* [Provided material]:
================

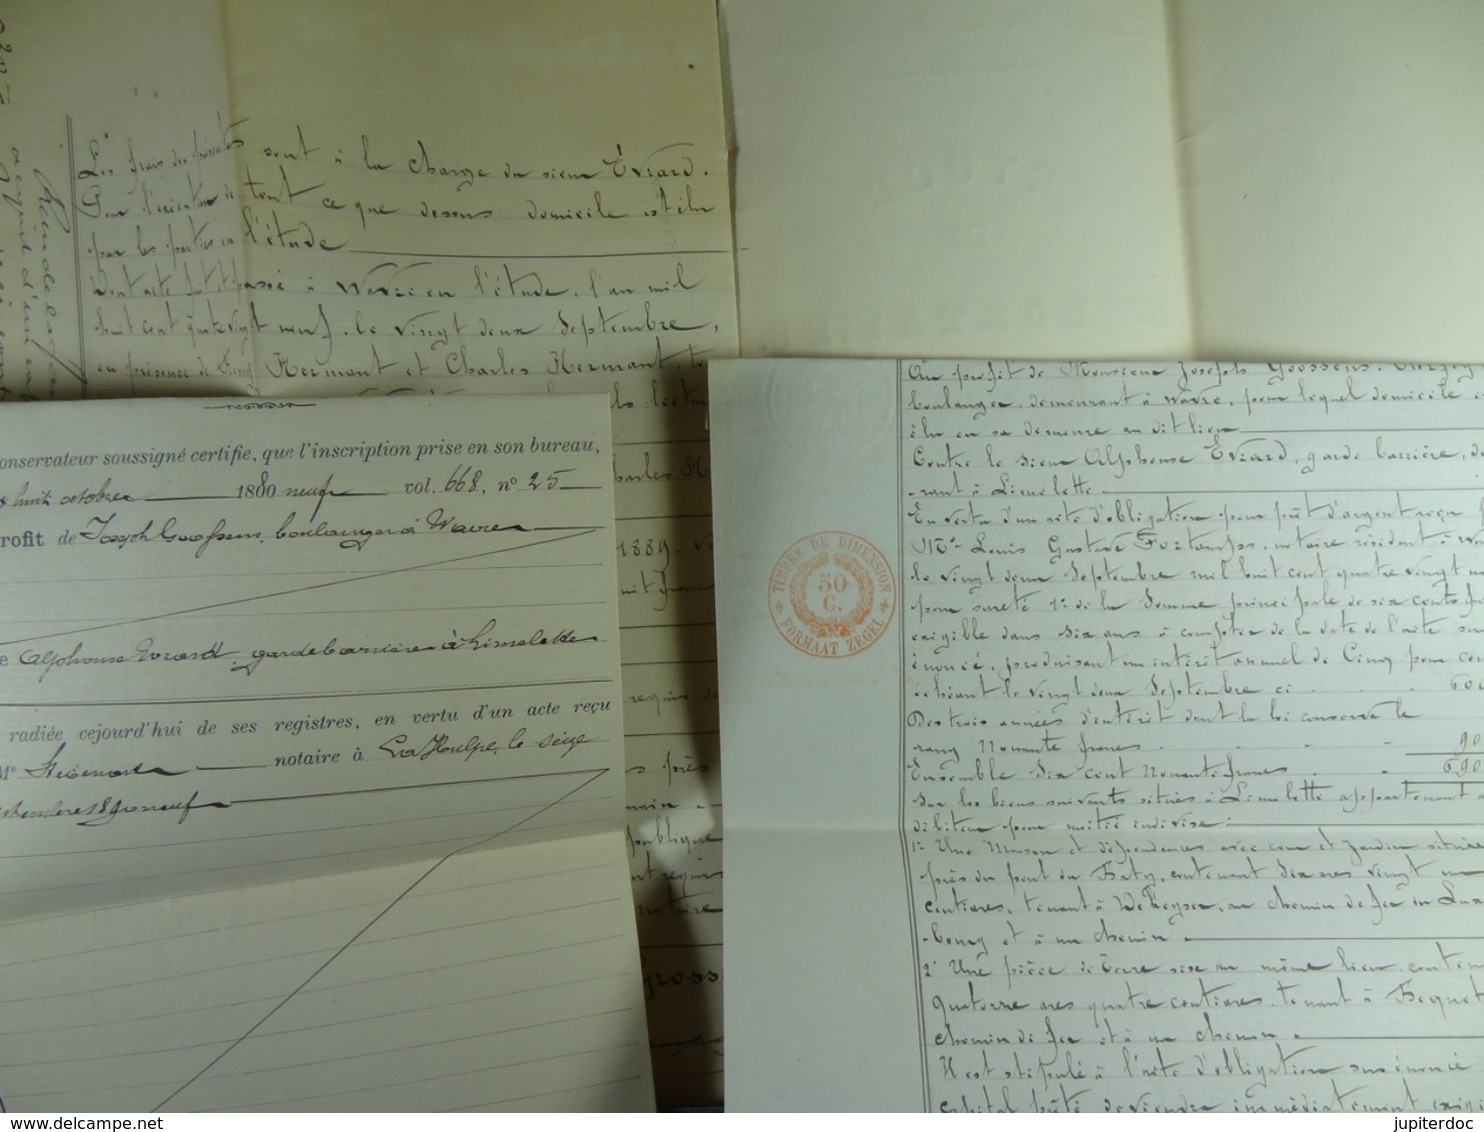 Acte Notarié 1889 Obligation Par Evrard De Limelette à Goossens-Clerfayt De Wavre /05/ - Manuscripts
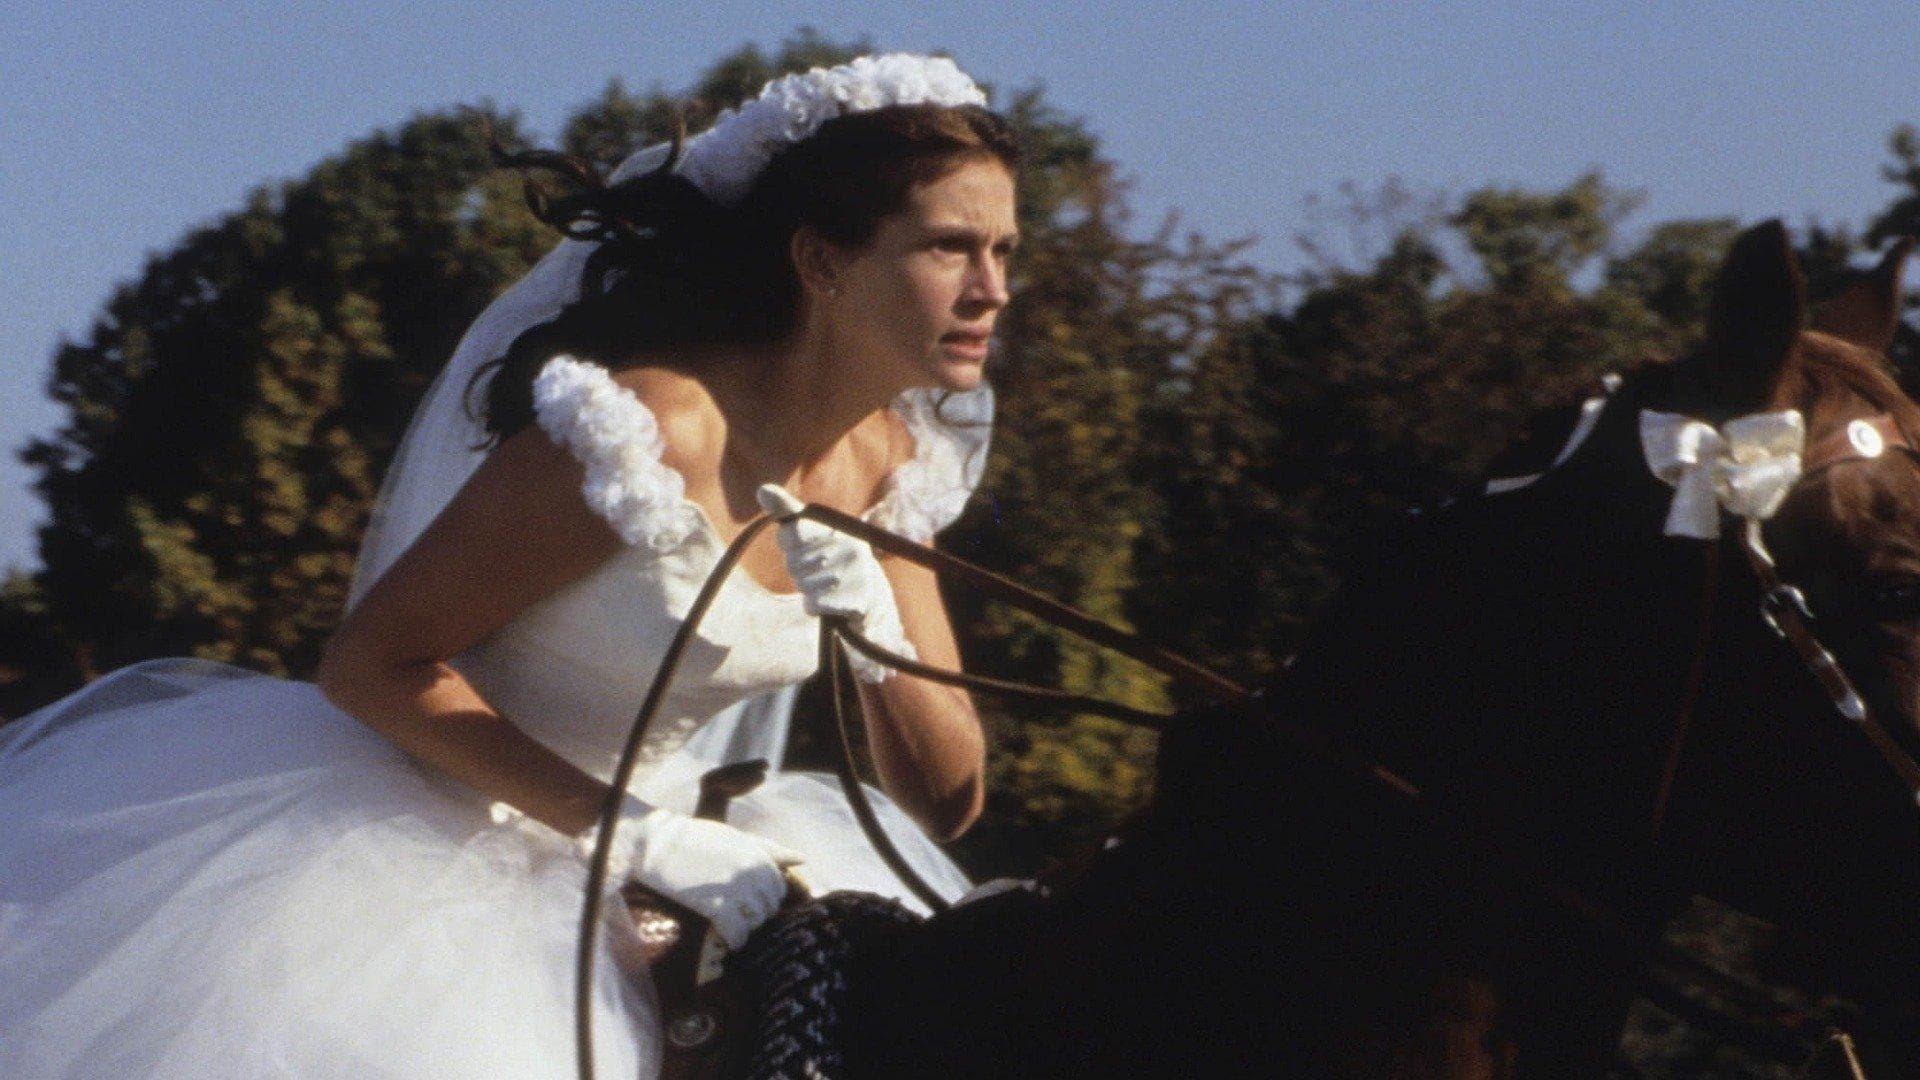 Сбежавшая невеста (1999)
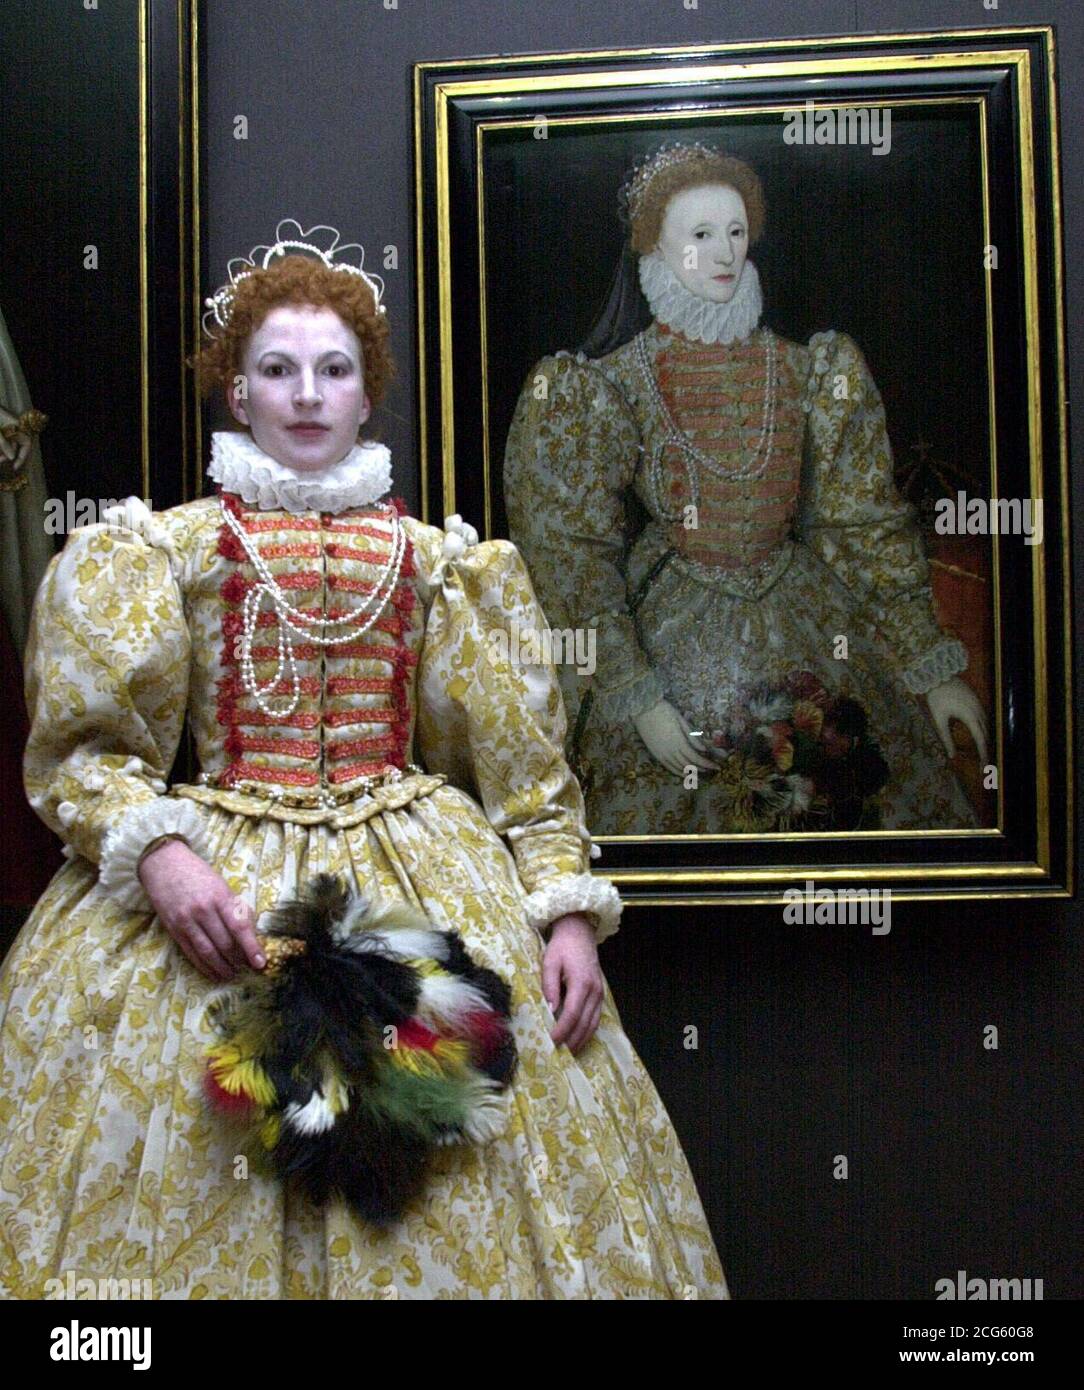 Annie Townsend eine Schülerin der Wimbledon School of Art, von der Garderobe Abteilung, in historischen Kostümen als Elizabeth I gekleidet, neben einem Porträt von einem unbekannten Künstler, c.1575 in der National Portrait Gallery, London. * die Schüler rekonstruieren Porträts aus der Tudor-Zeit bis zum 19. Jahrhundert, die Inspiration für ihre aufwendigen Kostüme waren. Stockfoto
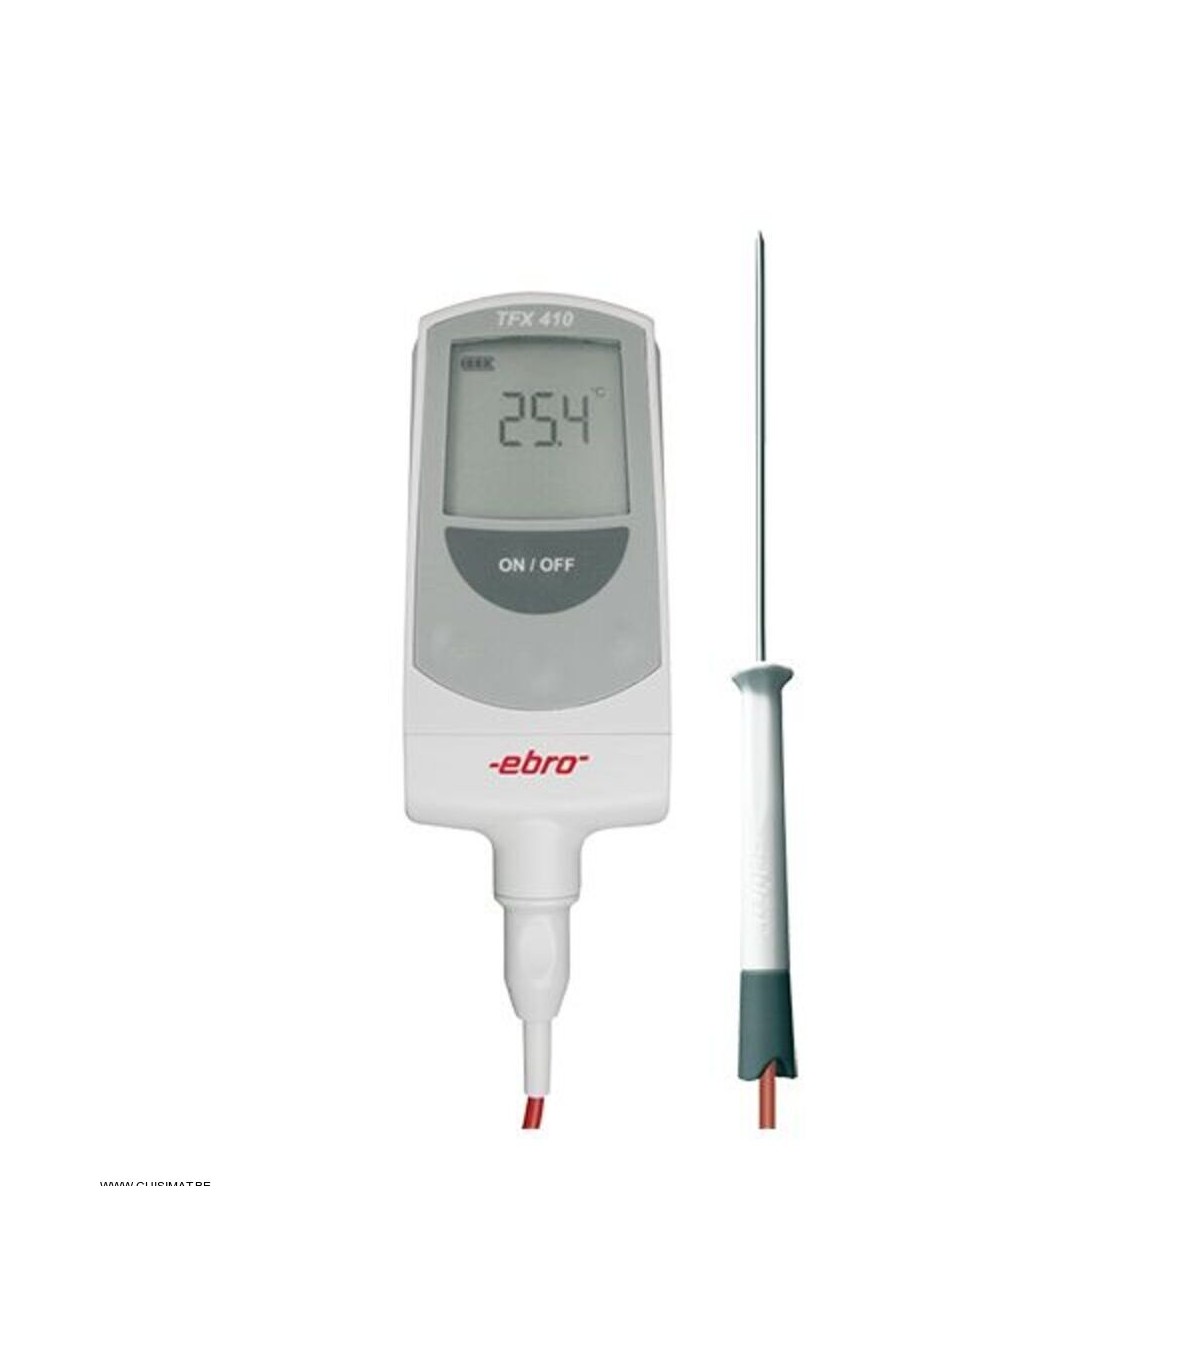 Thermomètre digital avec sonde de capteur +250°C
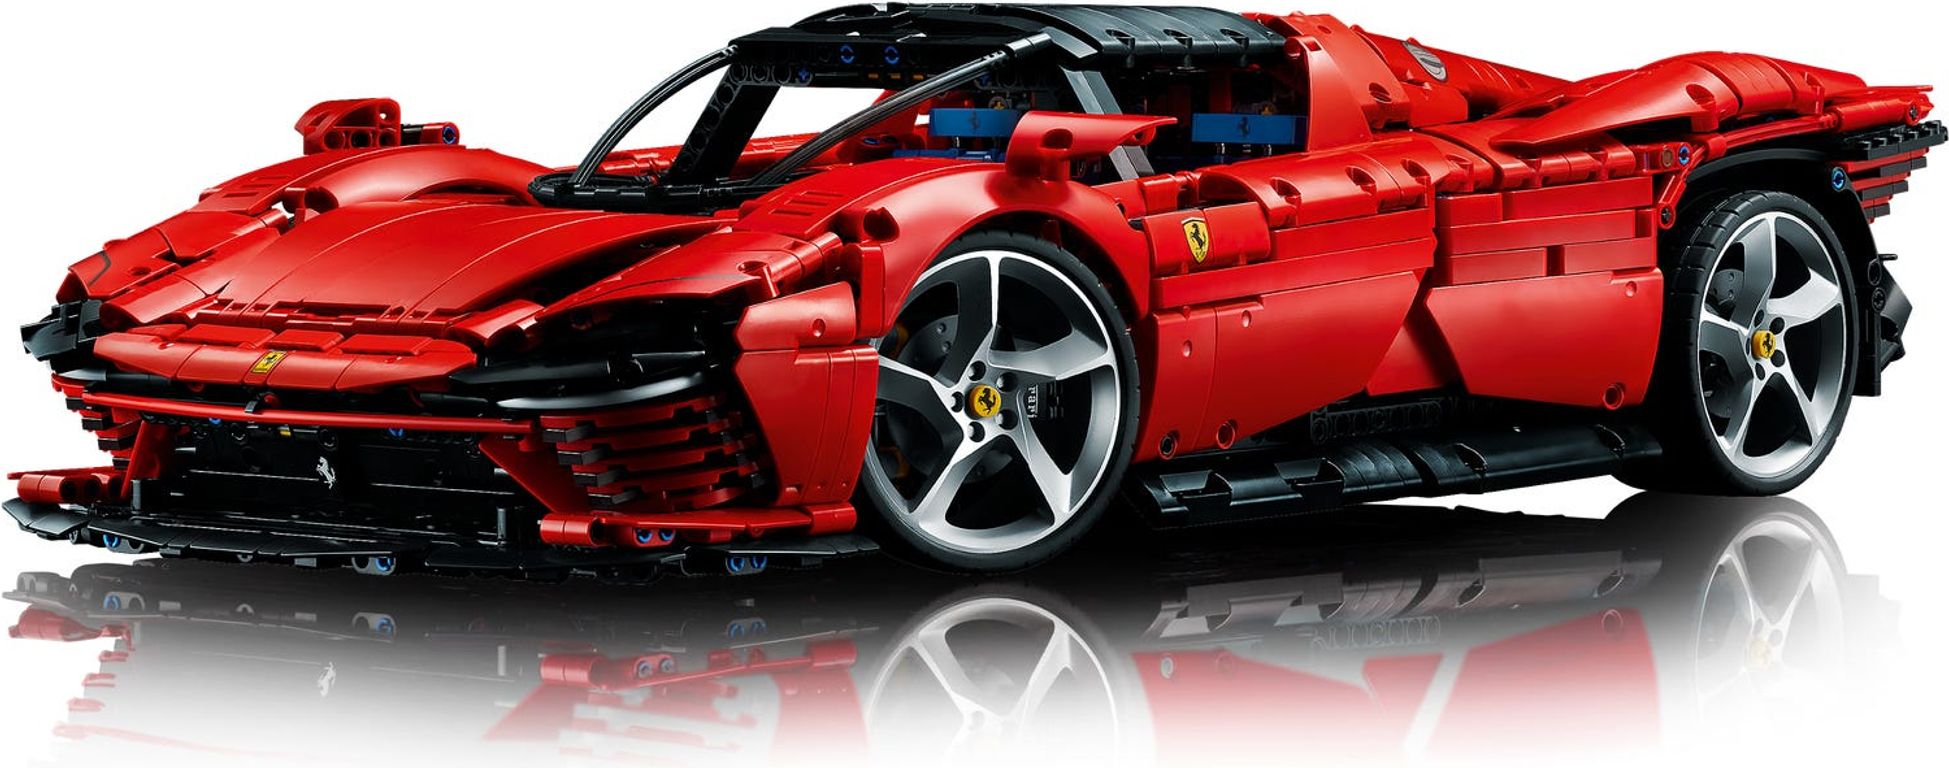 LEGO® Technic Ferrari Daytona SP3 komponenten

================

* [Activity]: Reproduce exactly, with nothing added, the lines from the line with "Сбежавшая невеста (1999)" through the end of the entries above; pictures are to be left out.

* [Answer section]:
 Сбежавшая невеста (1999)
 Annie Townsend eine Schülerin der Wimbledon School of Art, von der Garderobe Abteilung, in historischen Kostümen als Elizabeth I gekleidet, neben einem Porträt von einem unbekannten Künstler, c.1575 in der National Portrait Gallery, London. * die Schüler rekonstruieren Porträts aus der Tudor-Zeit bis zum 19. Jahrhundert, die Inspiration für ihre aufwendigen Kostüme waren. Stockfoto
 Thermomètre digital avec sonde de capteur +250°C
 LEGO® Technic Ferrari Daytona SP3 komponenten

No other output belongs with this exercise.